> [Data segment]
──────────

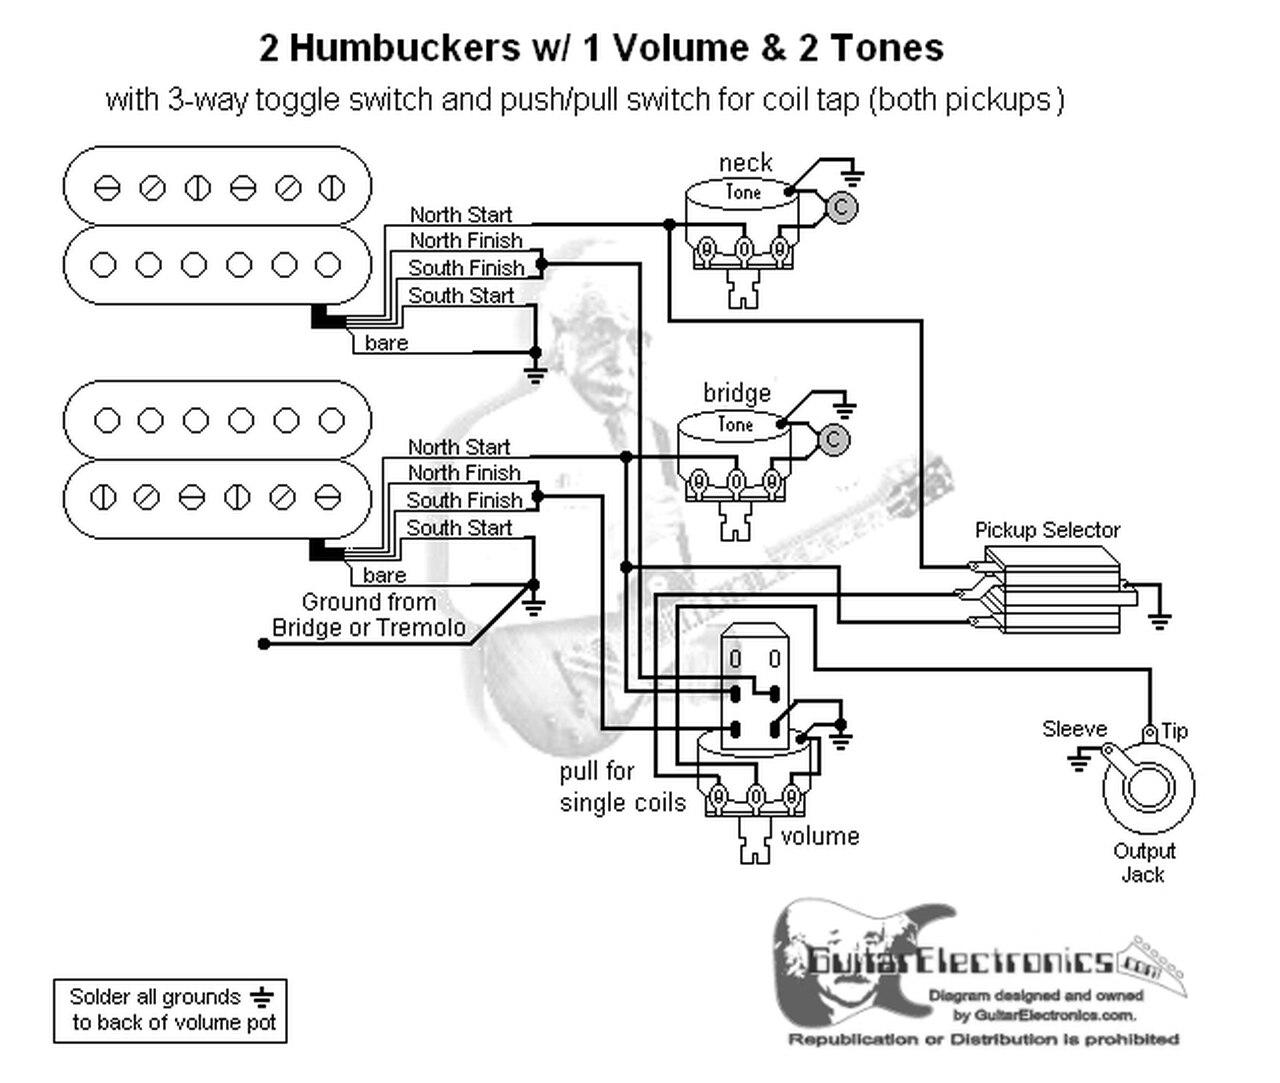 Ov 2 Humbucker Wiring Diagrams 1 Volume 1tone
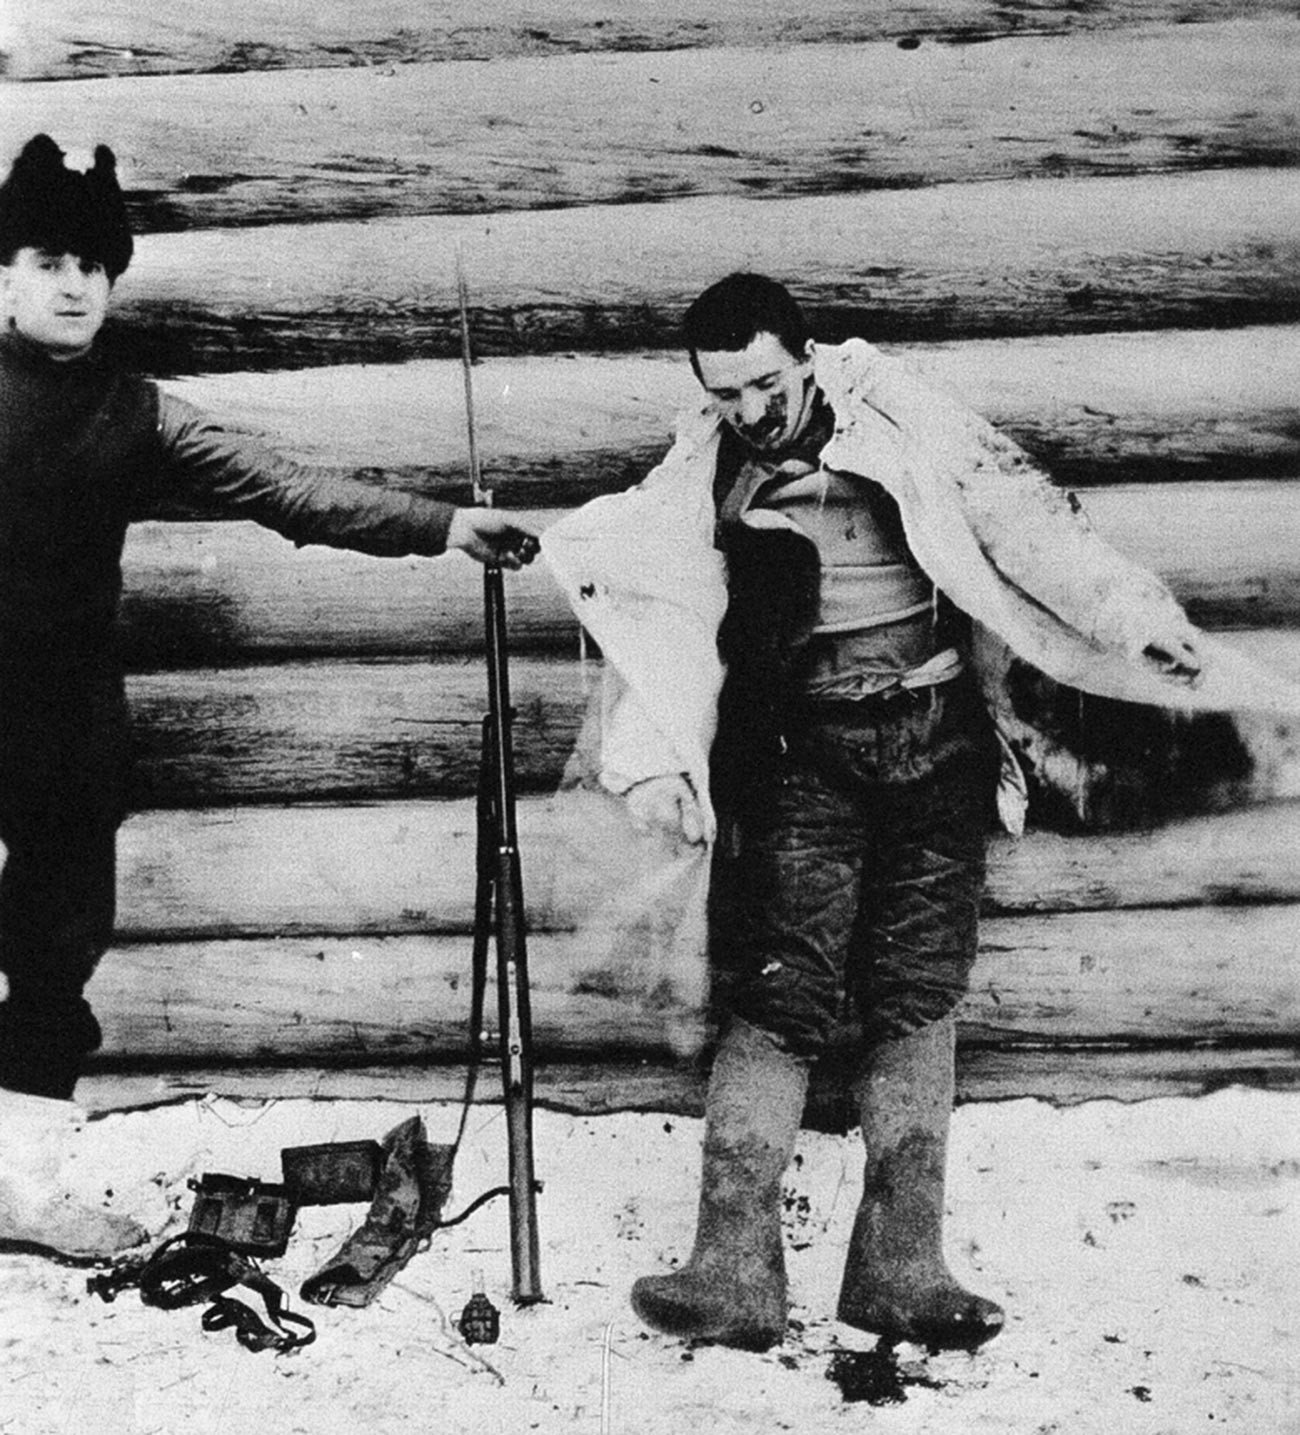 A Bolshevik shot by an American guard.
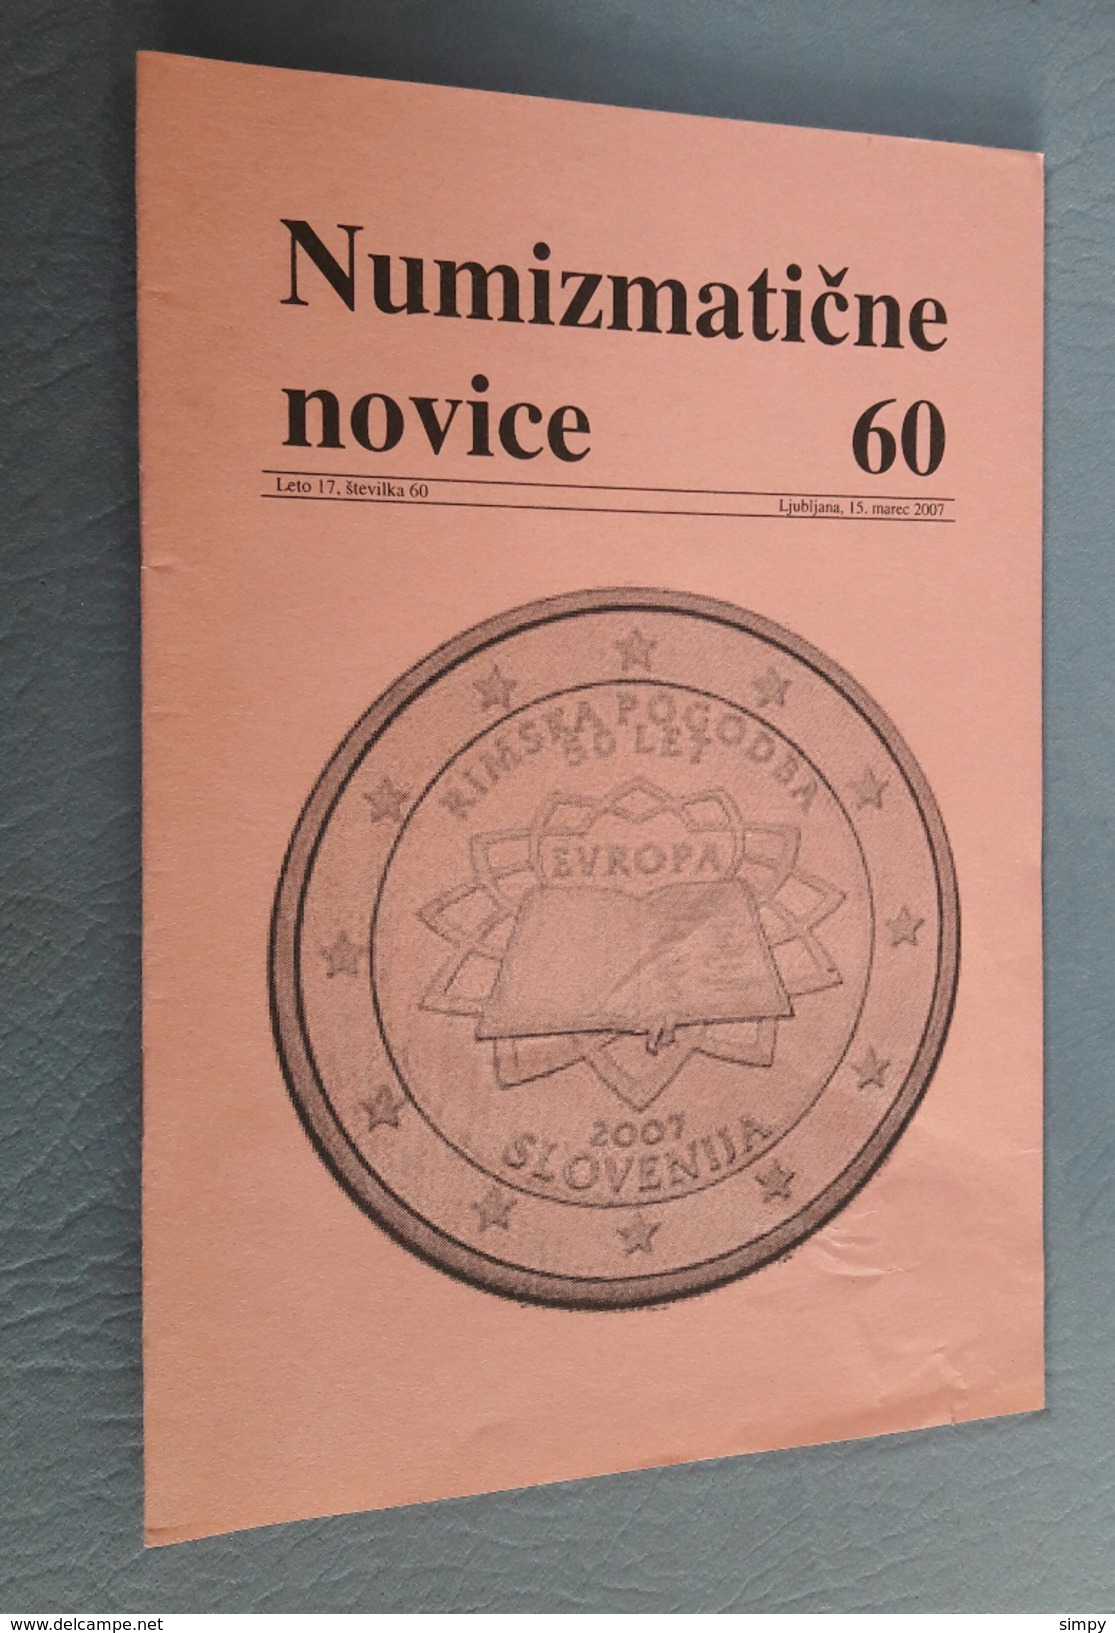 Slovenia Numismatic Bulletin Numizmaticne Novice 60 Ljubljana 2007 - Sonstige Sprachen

──────────

> [Task brief] Output the listing above exactly, excluding all pictures.

> [Response for this exercise]
 Ov 2 Humbucker Wiring Diagrams 1 Volume 1tone
 A Bolshevik shot by an American guard.
 Slovenia Numismatic Bulletin Numizmaticne Novice 60 Ljubljana 2007 - Sonstige Sprachen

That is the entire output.